EXERCISE DIRECTIONS.
Nothing but the lines from the one showing "CROSSNET for SOCCER" through the final line of the data below belongs in the answer, duplicated exactly and without pictures.

STORED DATA.
□ □ □ □ □ □ □

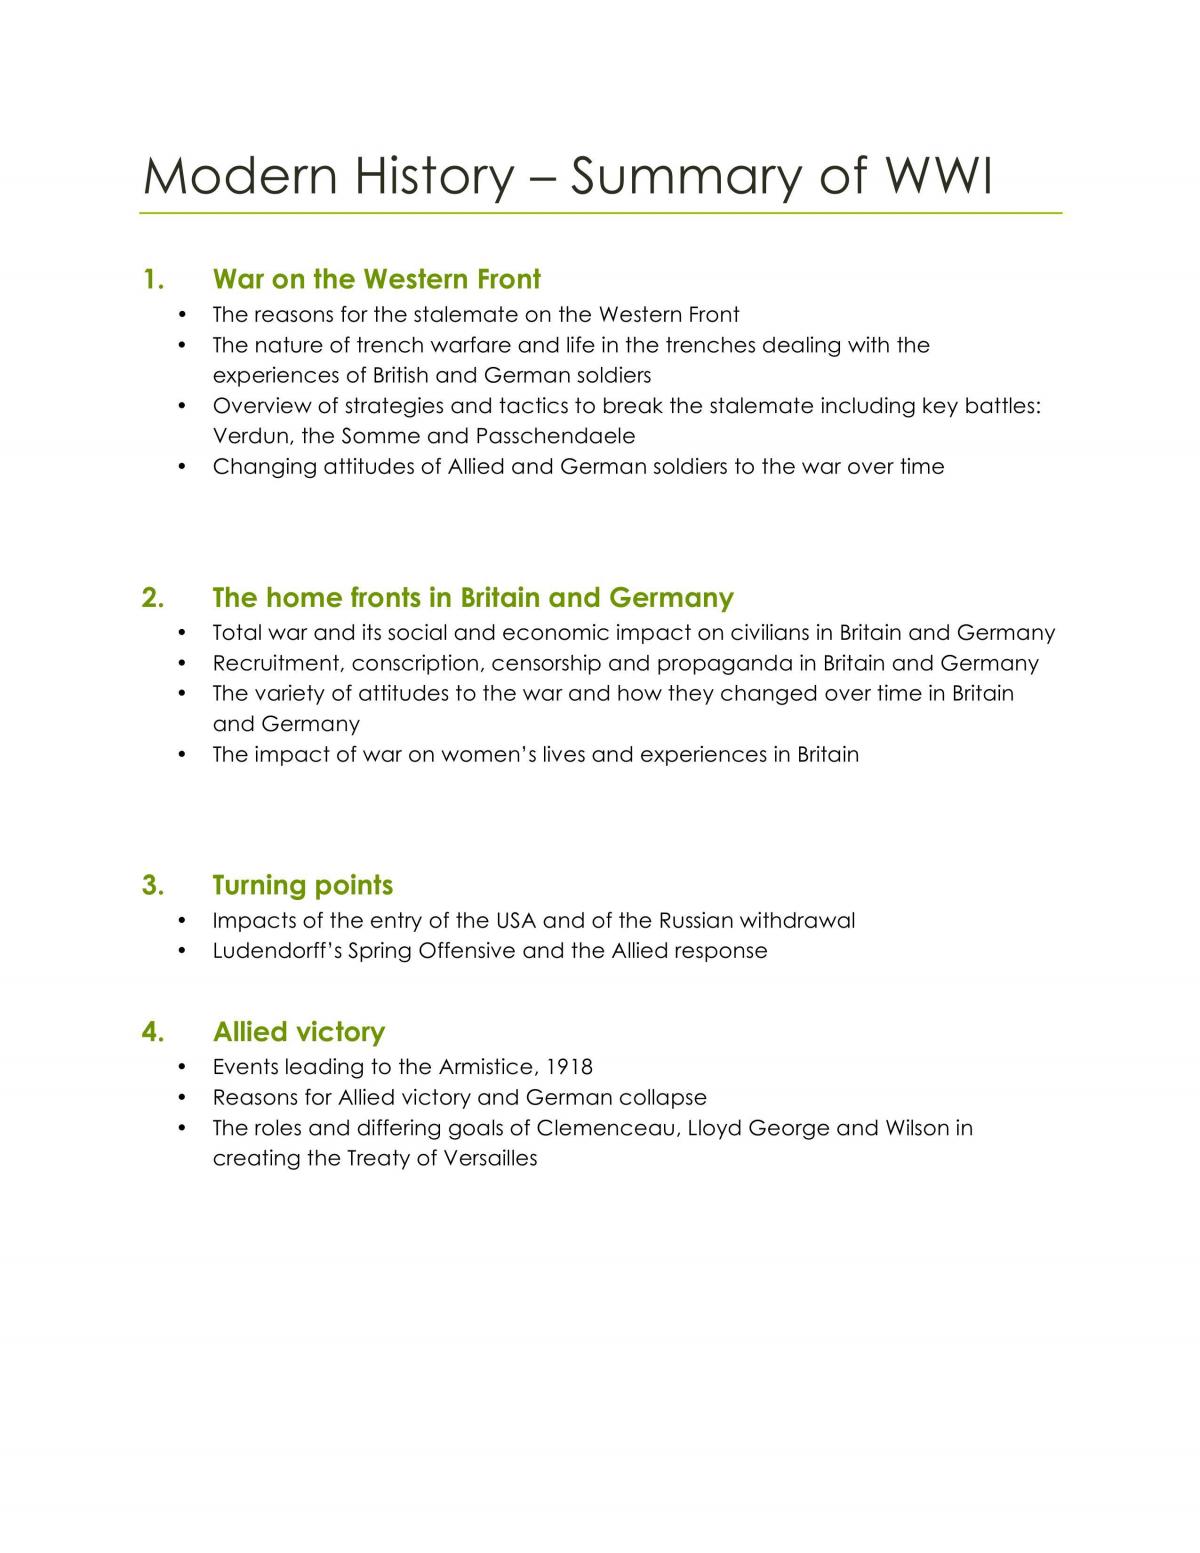 World War 1  - Page 1
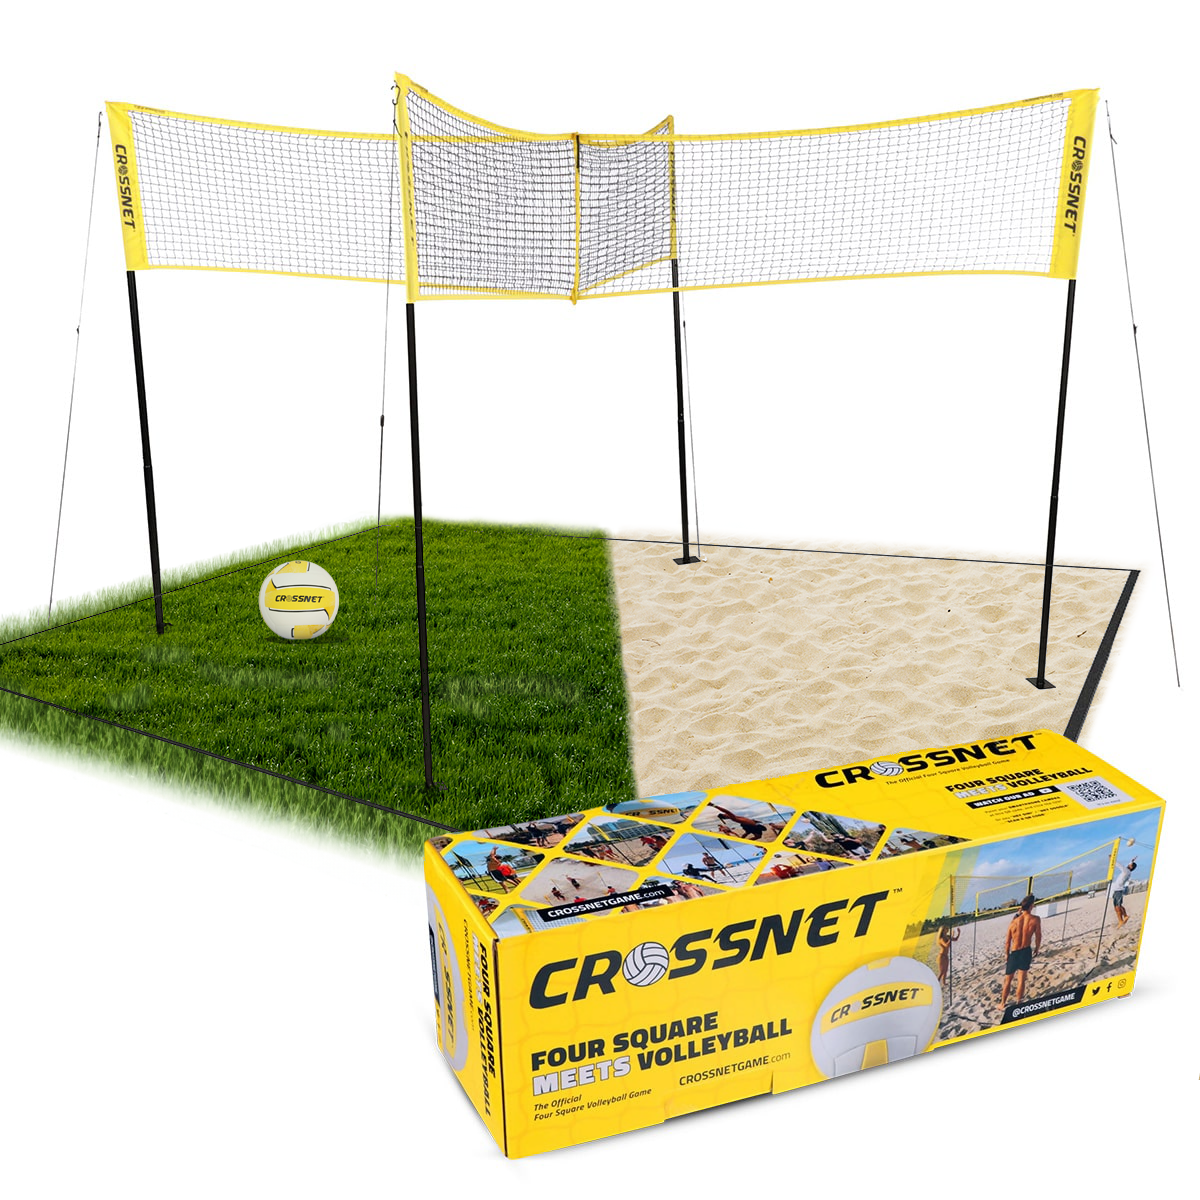 CROSSNET for SOCCER - Four Square Meets Soccer by CROSSNET — Kickstarter
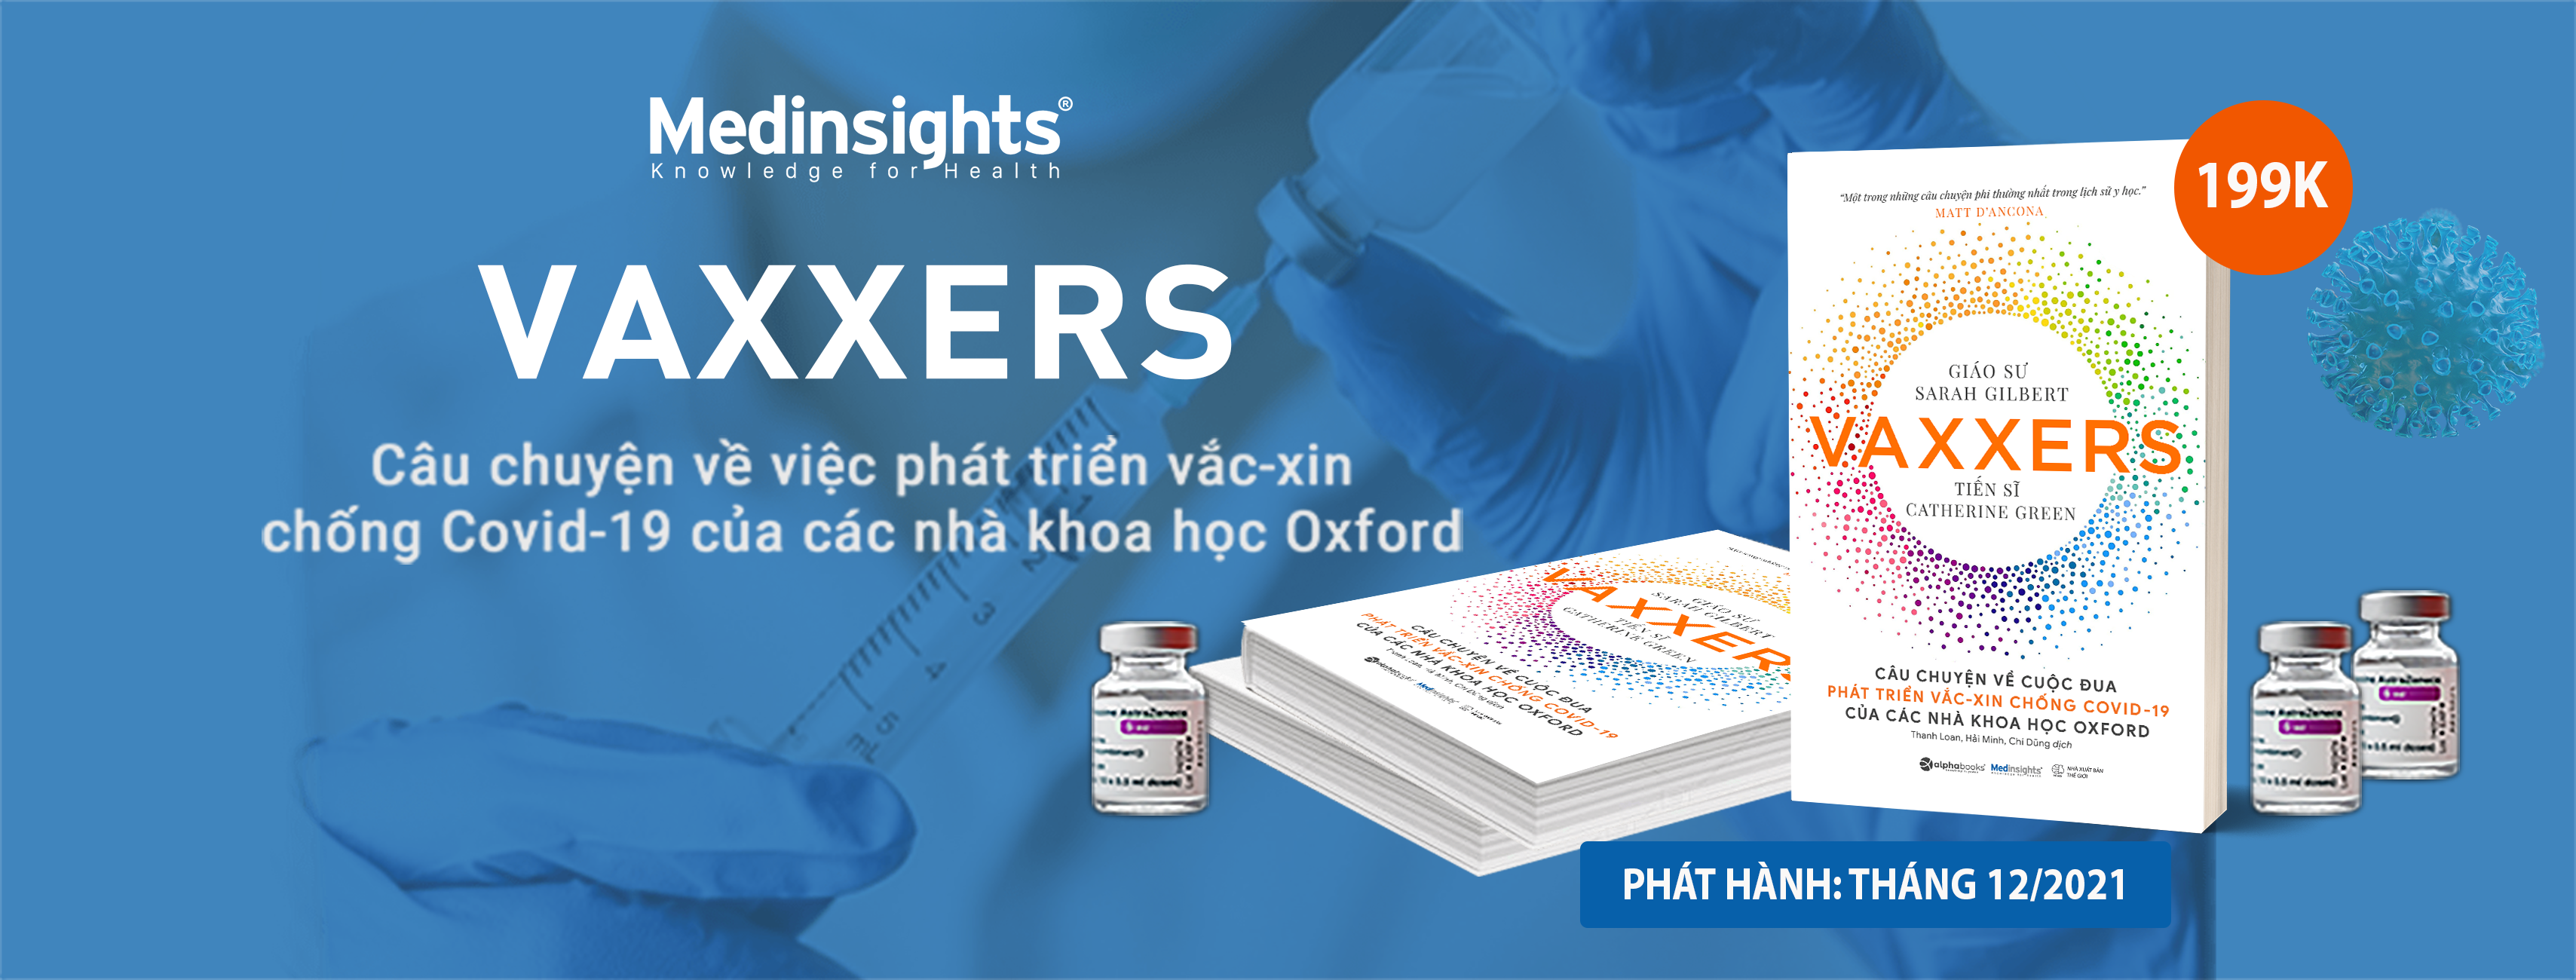 Vaxxers: Câu chuyện về việc phát triển vắc-xin chống Covid-19 của các nhà khoa học Oxford

□ □ □ □ □ □ □

RESPONSE TO THIS EXERCISE.
 CROSSNET for SOCCER - Four Square Meets Soccer by CROSSNET — Kickstarter
 Vaxxers: Câu chuyện về việc phát triển vắc-xin chống Covid-19 của các nhà khoa học Oxford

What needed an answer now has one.